环形链表 | Leaky Cauldron

题目

给定一个链表, 判断链表中是否有环, 若有则返回链表尾指向的结点.

解法一

遍历时使用 HashSet 保存所有节点, 若遍历到重复节点则返回该节点

Java

class ListNode {
    int val;
    ListNode next;

    ListNode(int x) {
        val = x;
        next = null;
    }
}

public class CycleList {
    public static ListNode hasCycle(ListNode head) {
        HashSet<ListNode> nodeSet = new HashSet<>();

        while (head != null) {
            if (nodeSet.contains(head))
                return head;
            nodeSet.add(head);
            head = head.next;
        }

        return null;
    }
}

Python

class ListNode:
    def __init__(self, x):
        self.val = x
        self.next = None
        
class CycleList:
    def hasCycle(self, head):     
        node_set = set()
        while head:
            if head in node_set:
                return head
            node_set.add(head)
            head = head.next
        
        return None

解法二

使用快慢指针, 该解法空间复杂度为 O(1) , 慢指针每次移动一个位置, 快指针每次移动两个位置, 该方法利用了两个定律:

若链表中有环, 则两指针必相遇
两指针相遇后, 快指针放回头结点, 从此快慢指针都每次移动一个位置, 两指针必在第一个入环节点处相遇

Java

class ListNode {
    int val;
    ListNode next;

    ListNode(int x) {
        val = x;
        next = null;
    }
}

public class CycleList {
	public static ListNode hasCycle(ListNode head) {
        if (head == null || head.next == null || head.next.next == null)
            return null;

        ListNode slow = head.next;
        ListNode fast = head.next.next;

        while (slow != fast) {
            if (fast.next == null || fast.next.next ==null)
                return null;
            slow = slow.next;
            fast = fast.next.next;
        }

        fast = head;

        while (fast != slow) {
            slow = slow.next;
            fast = fast.next;
        }

        return slow;
    }
}

Python

class ListNode:
    def __init__(self, x):
        self.val = x
        self.next = None

class CycleList:
    def hasCycle(self, head):
        if head and head.next and head.next.next:
            slow = head.next
            fast = head.next.next
            
            while slow != fast:
                if fast.next and fast.next.next:
                    slow = slow.next
                    fast = fast.next.next
                else:
                    return None
            
            fast = head
            while slow != fast:
                slow = slow.next
                fast = fast.next
            
            return fast
        else:
            return None

例题 LeetCode # 141

给定一个链表，判断链表中是否有环。

为了表示给定链表中的环，我们使用整数 pos 来表示链表尾连接到链表中的位置(索引从 0 开始)。
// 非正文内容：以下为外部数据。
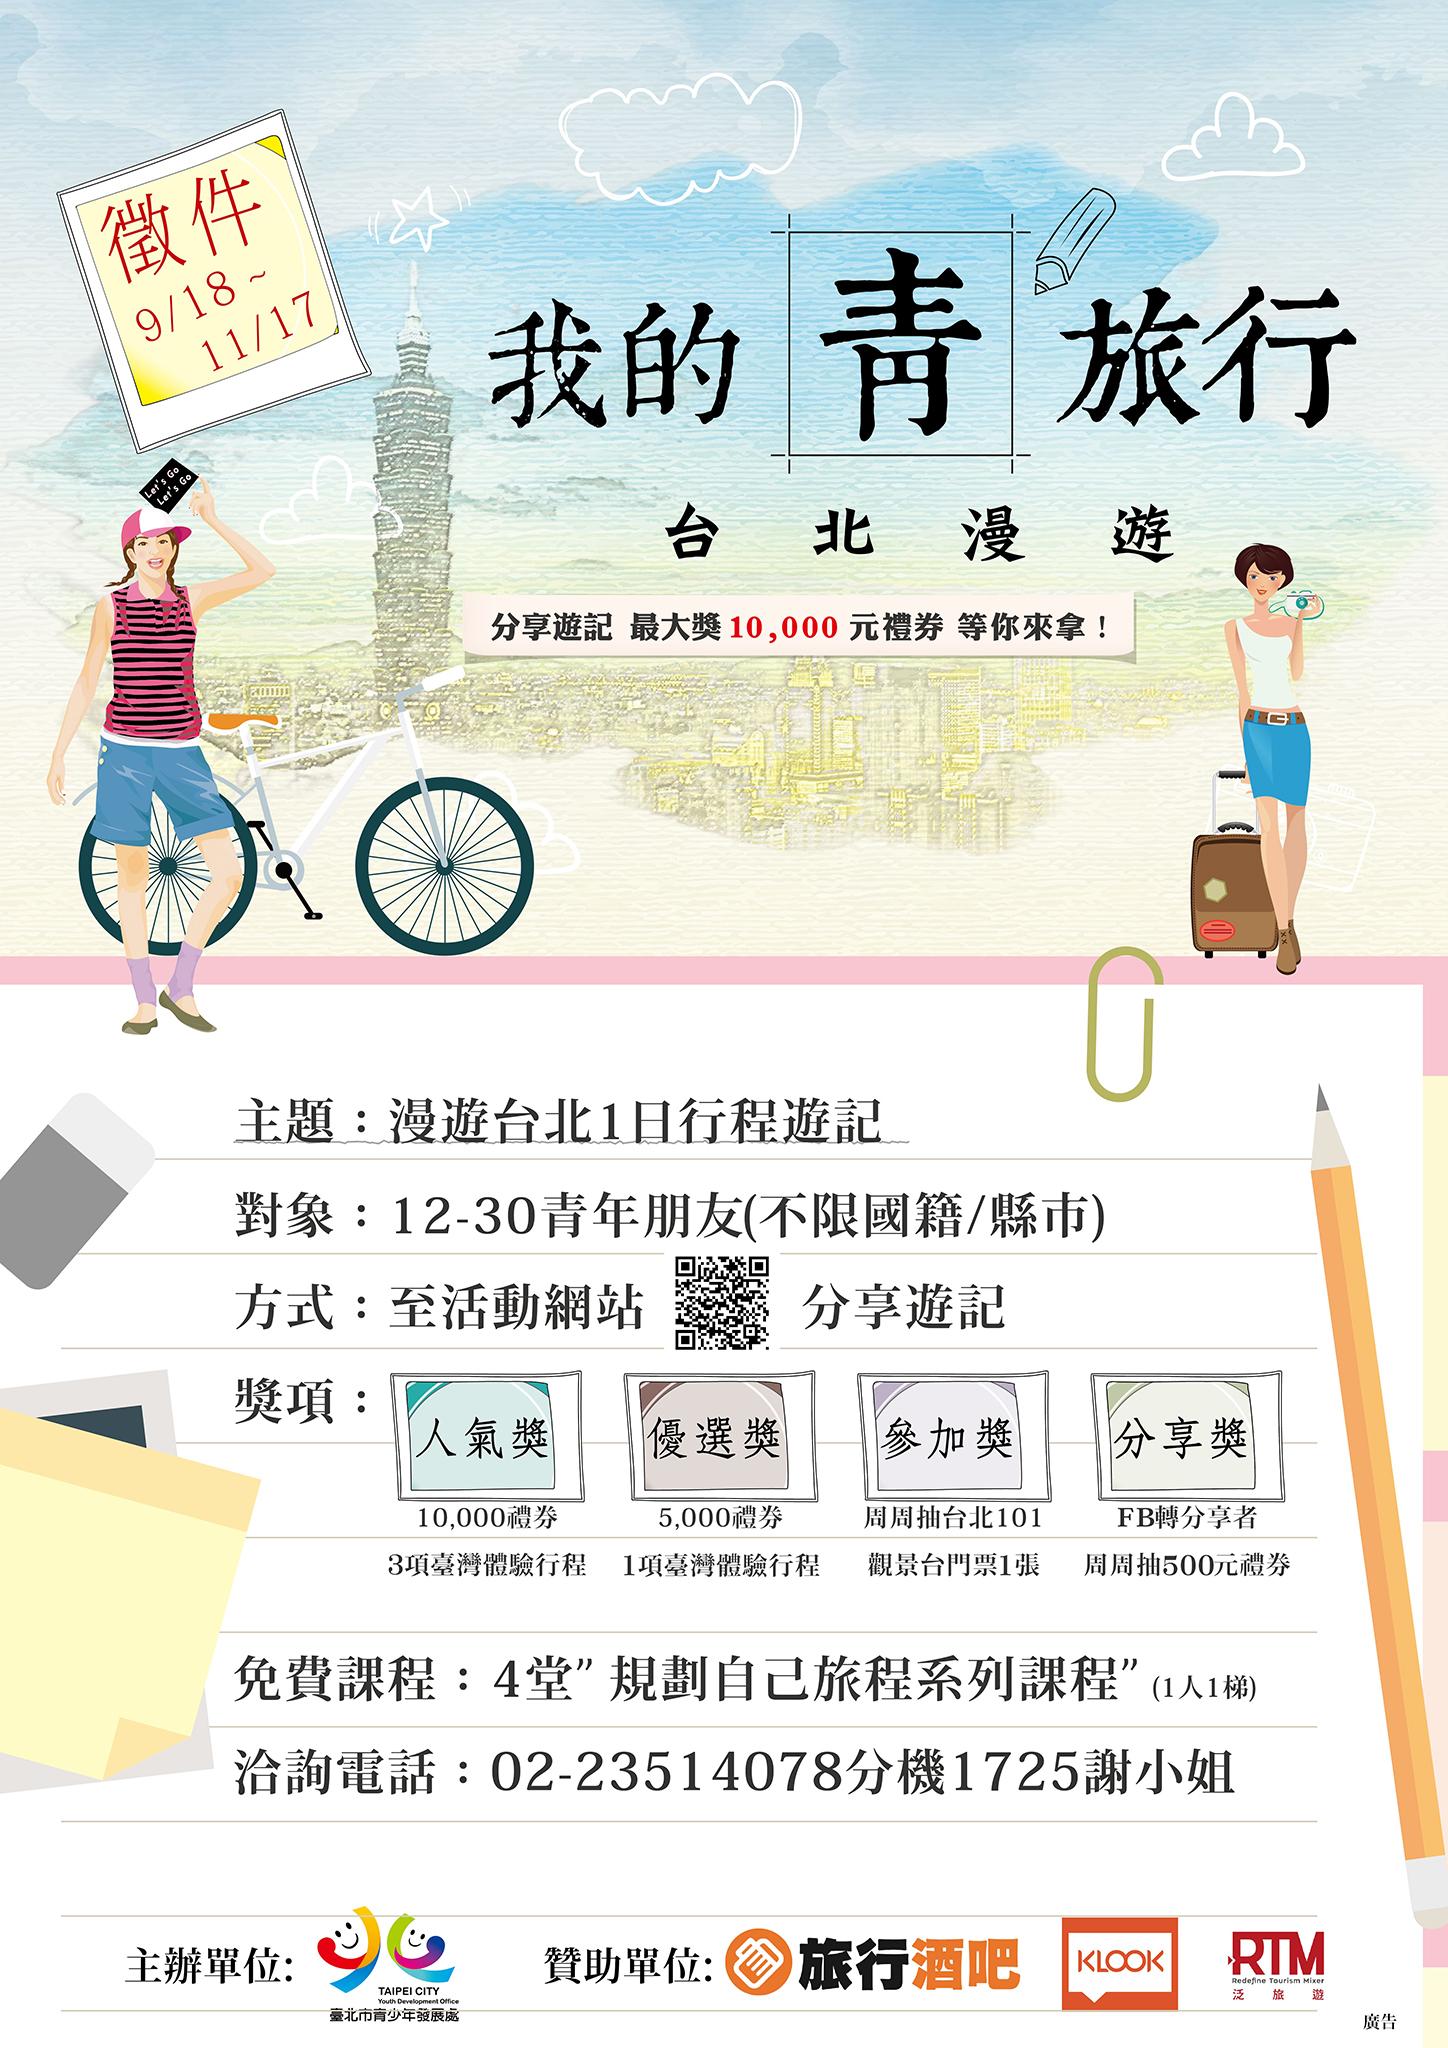 2017「臺北漫遊,我的青旅行」遊記徵件-海報
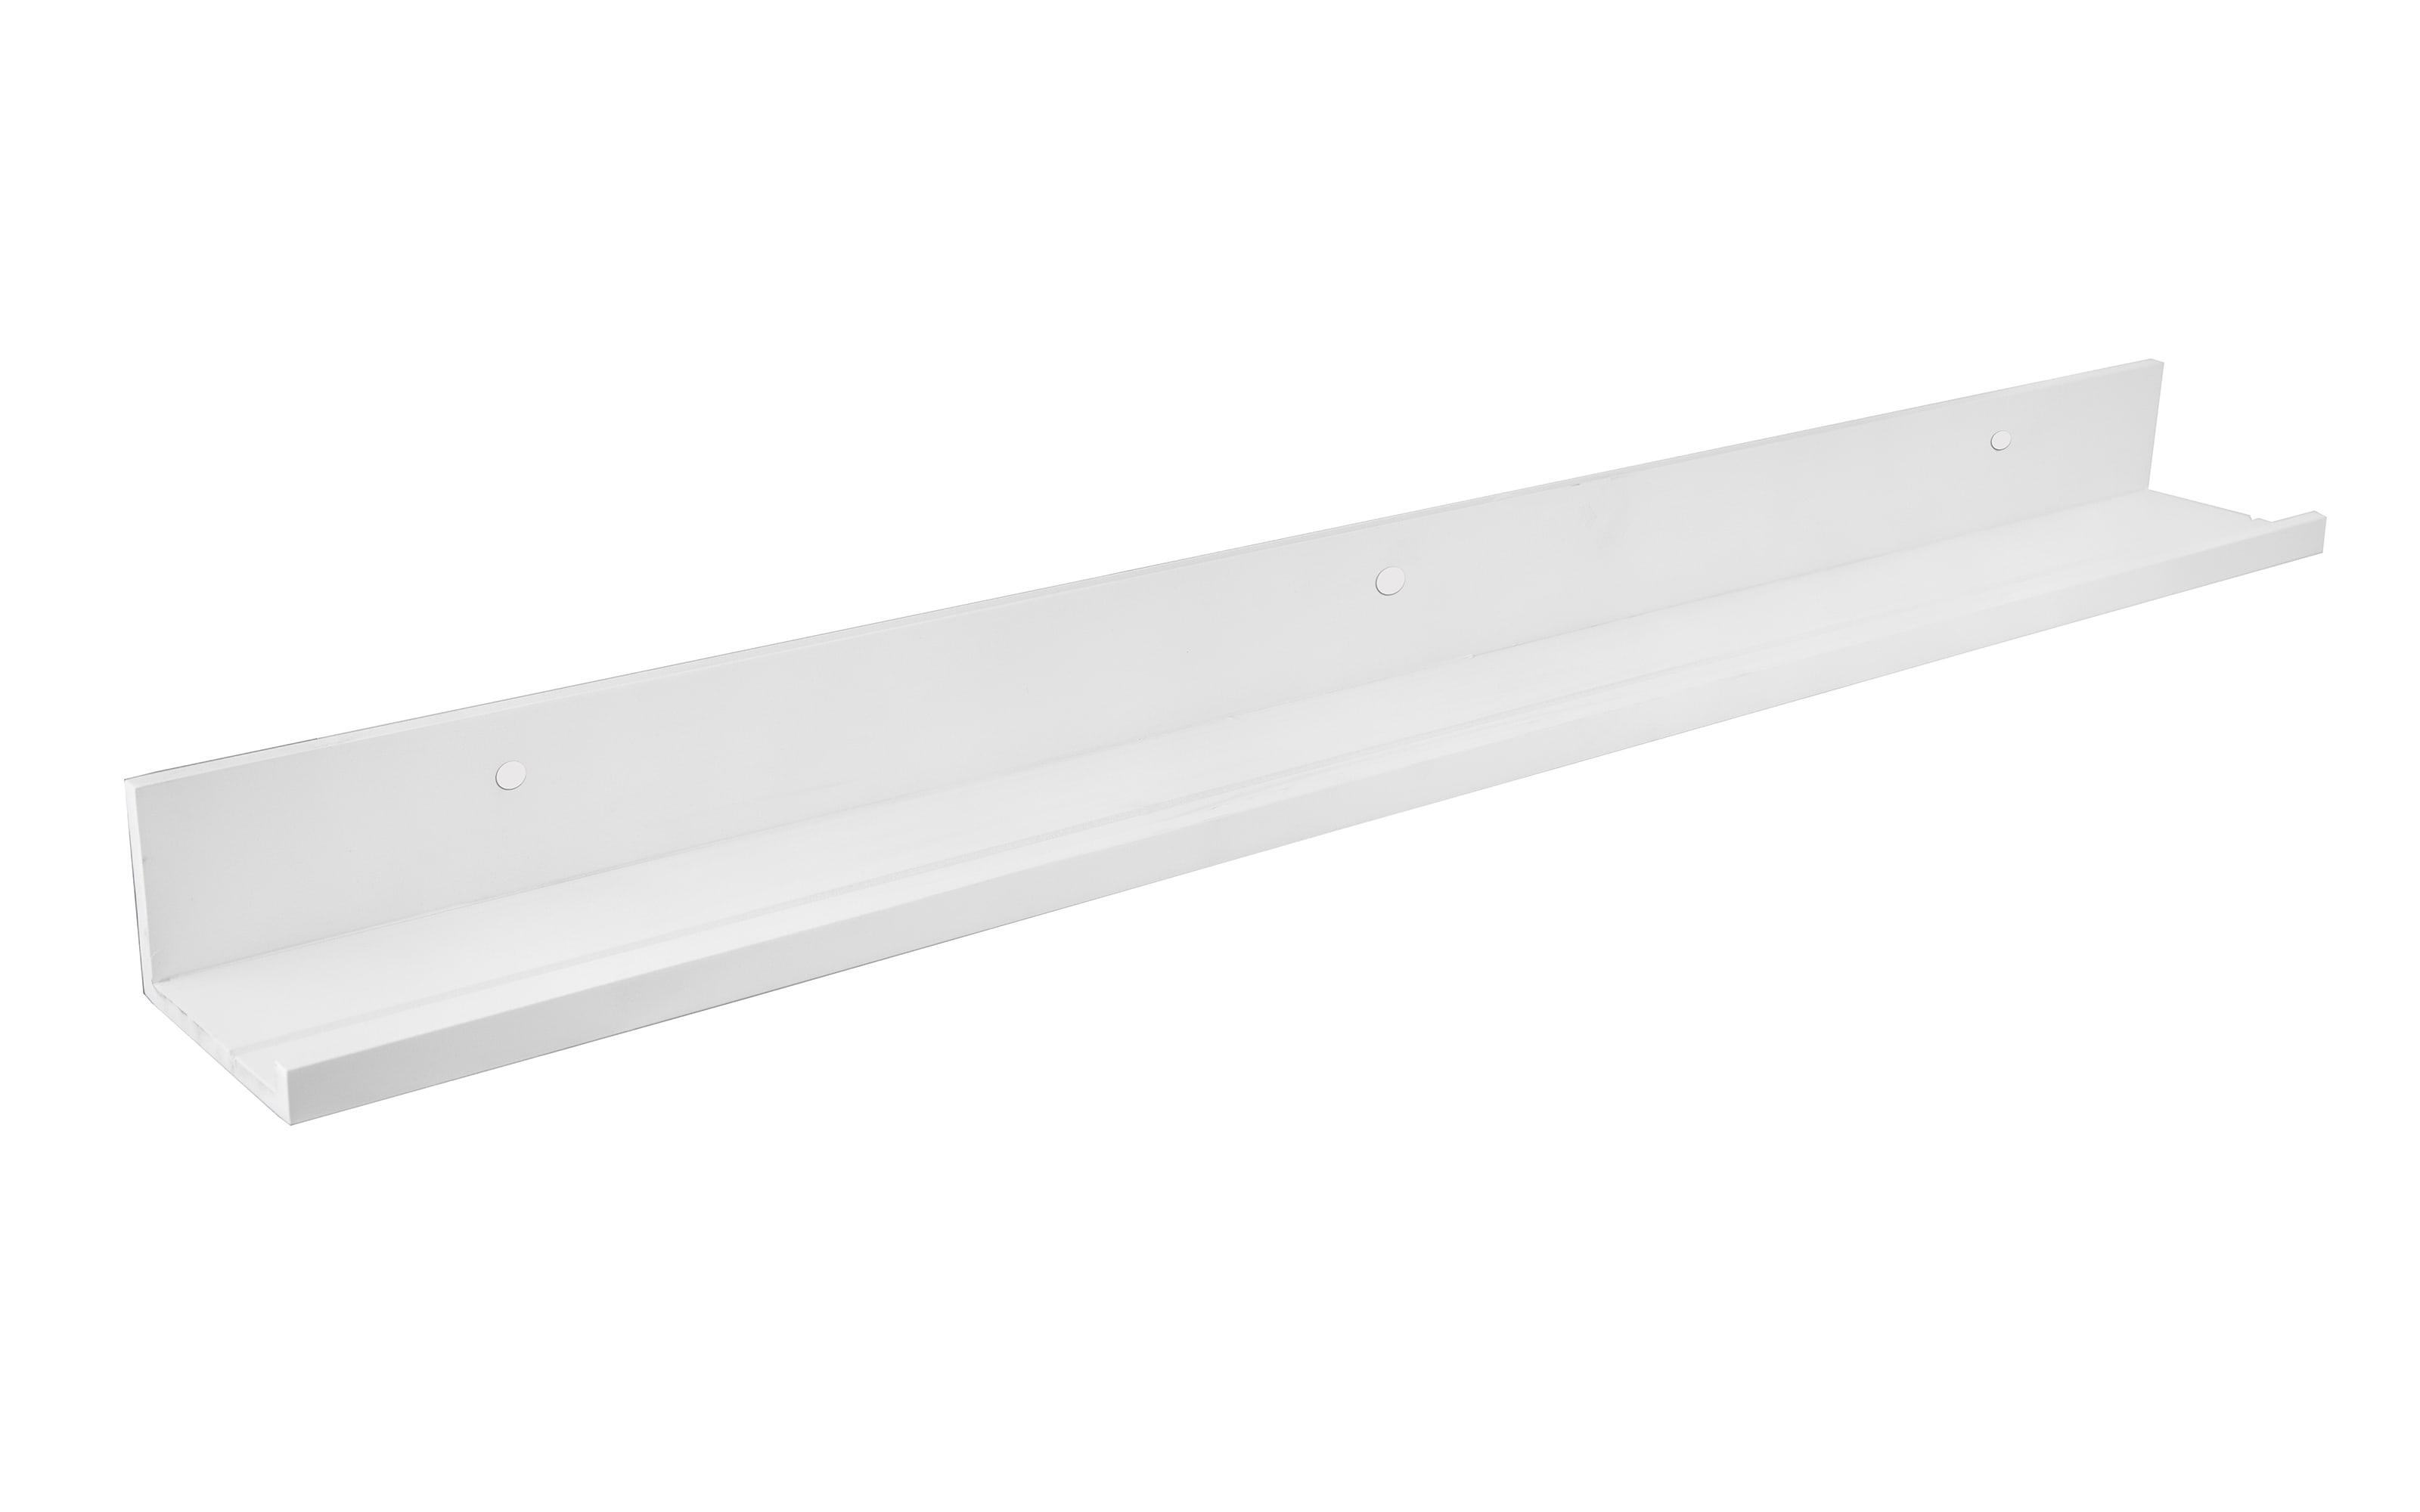 Bilderleiste Enz in weiß, 110 x 12 cm

如果 pos 是 -1，则在该链表中没有环。

示例 1：

1
2
3

输入：head = [3,2,0,-4], pos = 1
输出：true
解释：链表中有一个环，其尾部连接到第二个节点。

示例 2：

1
2
3

输入：head = [1,2], pos = 0
输出：true
解释：链表中有一个环，其尾部连接到第一个节点。

示例 3：

1
2
3

输入：head = [1], pos = -1
输出：false
解释：链表中没有环。

要求：

空间复杂度为 O(1)

Java

class ListNode {
    int val;
    ListNode next;

    ListNode(int x) {
        val = x;
        next = null;
    }
}

public class CycleList {
	public static boolean hasCycle(ListNode head) {
        if (head == null || head.next == null || head.next.next == null)
            return false;

        ListNode slow = head.next;
        ListNode fast = head.next.next;

        while (slow != fast) {
            if (fast.next == null || fast.next.next ==null)
                return false;
            slow = slow.next;
            fast = fast.next.next;
        }

        return true;
    }
}

Python

class ListNode:
    def __init__(self, x):
        self.val = x
        self.next = None

class CycleList:
	def hasCycle(self, head):
        if head and head.next and head.next.next:
            slow = head.next
            fast = head.next.next
            
            while slow != fast:
                if fast.next and fast.next.next:
                    slow = slow.next
                    fast = fast.next.next
                else:
                    return False
                    
            return True
        else:
            return False